The classifier comes pre-trained with a small "ham" and "spam" corpus,
which is included in the spamcorpus directory. To adjust the filter,
you can add or remove documents in the ham and spam directories and
then run

  ./train_filter

in the spamcorpus directory. The documents in the ham and spam
directory should be in plain text format. To add e.g. a PDF or HTML
document, you can run

  ./add_document -s http://example.com/department/index.html

This adds the text content of the given URL to the spam
corpus. Without the -s flag, the content is added to the ham corpus.

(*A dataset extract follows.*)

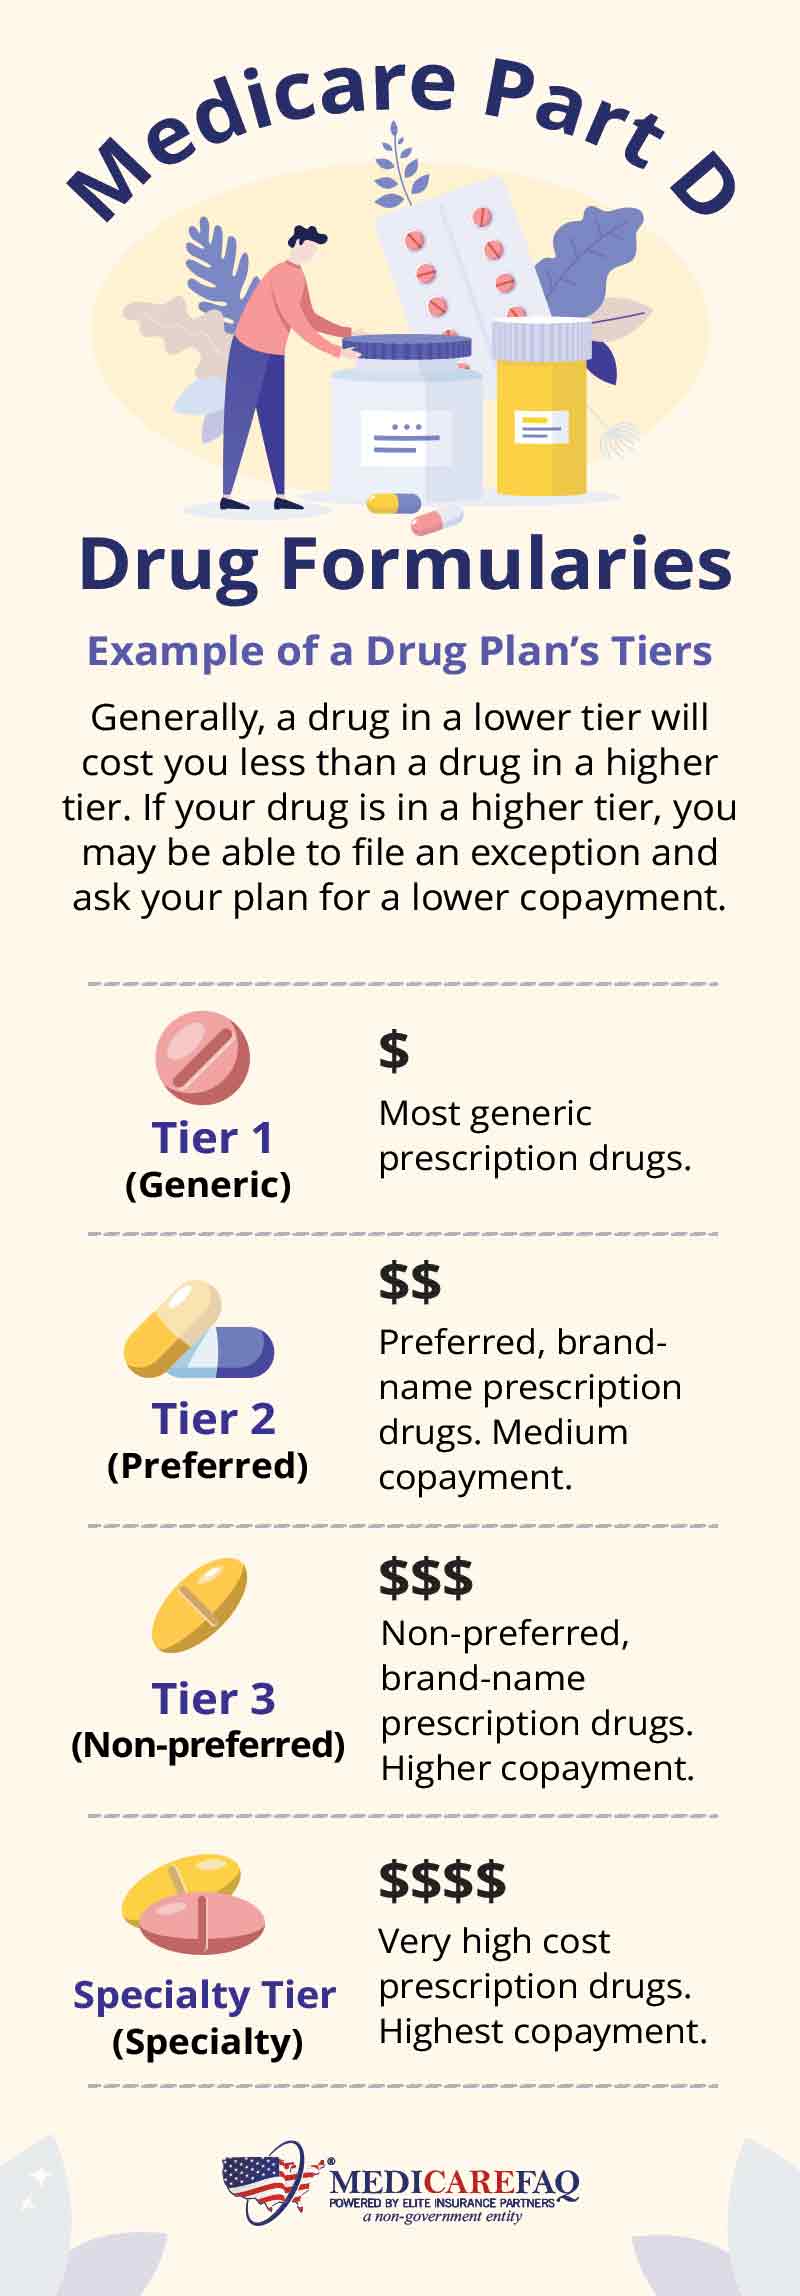 Medicare Part D drug plan formularies have 4 tier options.
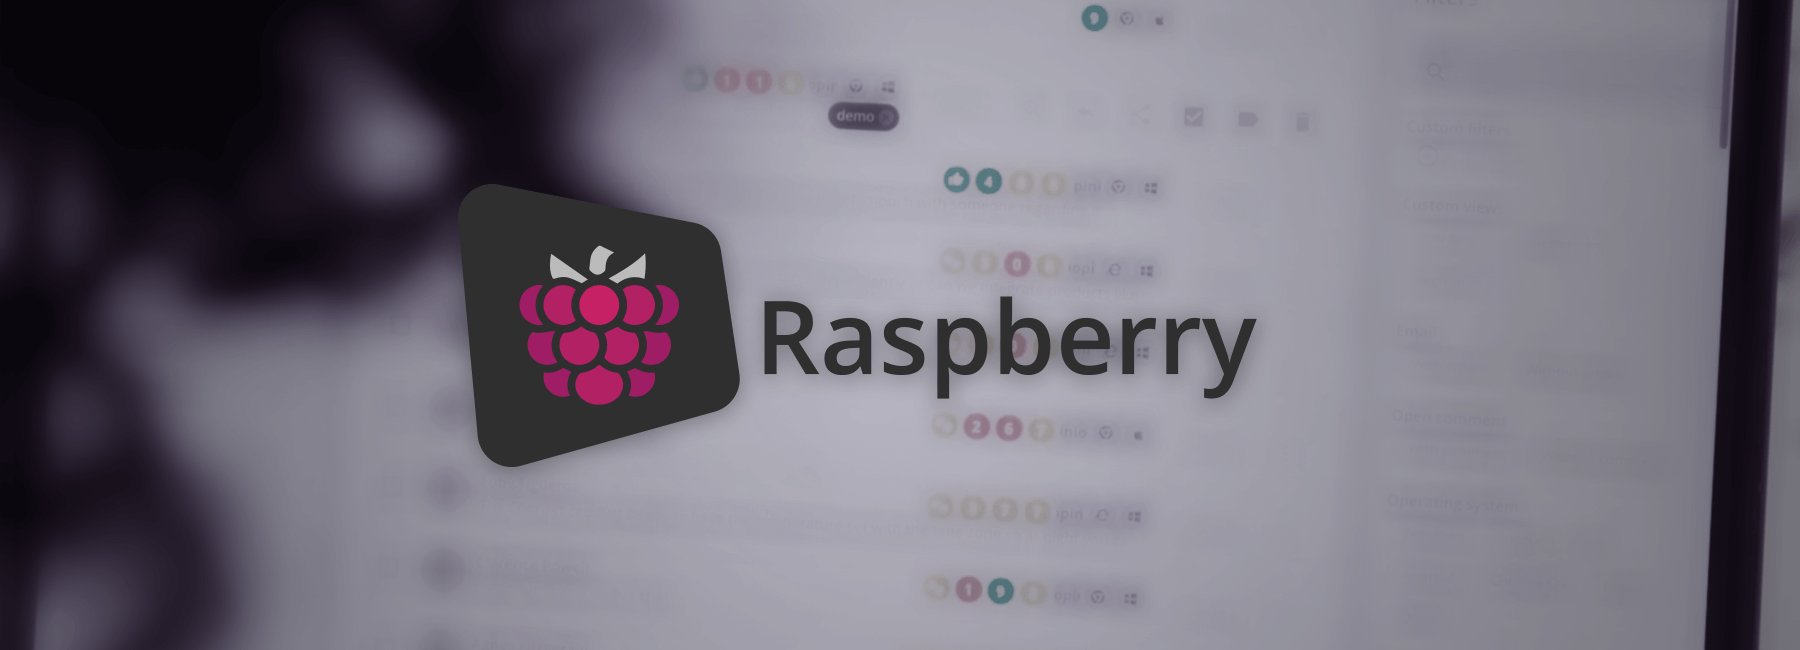 Neue Benutzeroberfläche Mopinion Raspberry verlässt die Beta-Phase

---------------------------------------------------------------------
CUSTOMISATION
---------------------------------------------------------------------

opp-tools is fine-tuned for handling papers in English-speaking
academic philosophy retrieved from personal pages. This is reflected
in the spam filter corpus, but also in the heuristics used to extract
metadata from documents. These can be found in the /rules directory,
and should be relatively easy to adjust. A high-level explanation of
how these rules are applied can be found at the end of Extractor.pm.

The file rules/Keywords.pm also contains regular expressions for URLs
from which papers shouldn't be retrieved.


---------------------------------------------------------------------
SMALL PRINT 
---------------------------------------------------------------------

The development of this software was supported by the University of
London and the UK Joint Information Systems Committee as part of the
PhilPapers 2.0 project (Information Environment programme).

Copyright (c) 2003-2011 Wolfgang Schwarz, wo@umsu.de

This program is free software; you can redistribute it and/or modify
it under the terms of the GNU General Public License as published by
the Free Software Foundation; either version 2 of the License, or (at
your option) any later version. See
http://www.gnu.org/licenses/gpl.html.

This program is distributed in the hope that it will be useful, but
WITHOUT ANY WARRANTY; without even the implied warranty of
MERCHANTABILITY or FITNESS FOR A PARTICULAR PURPOSE. See the GNU
General Public License for more details.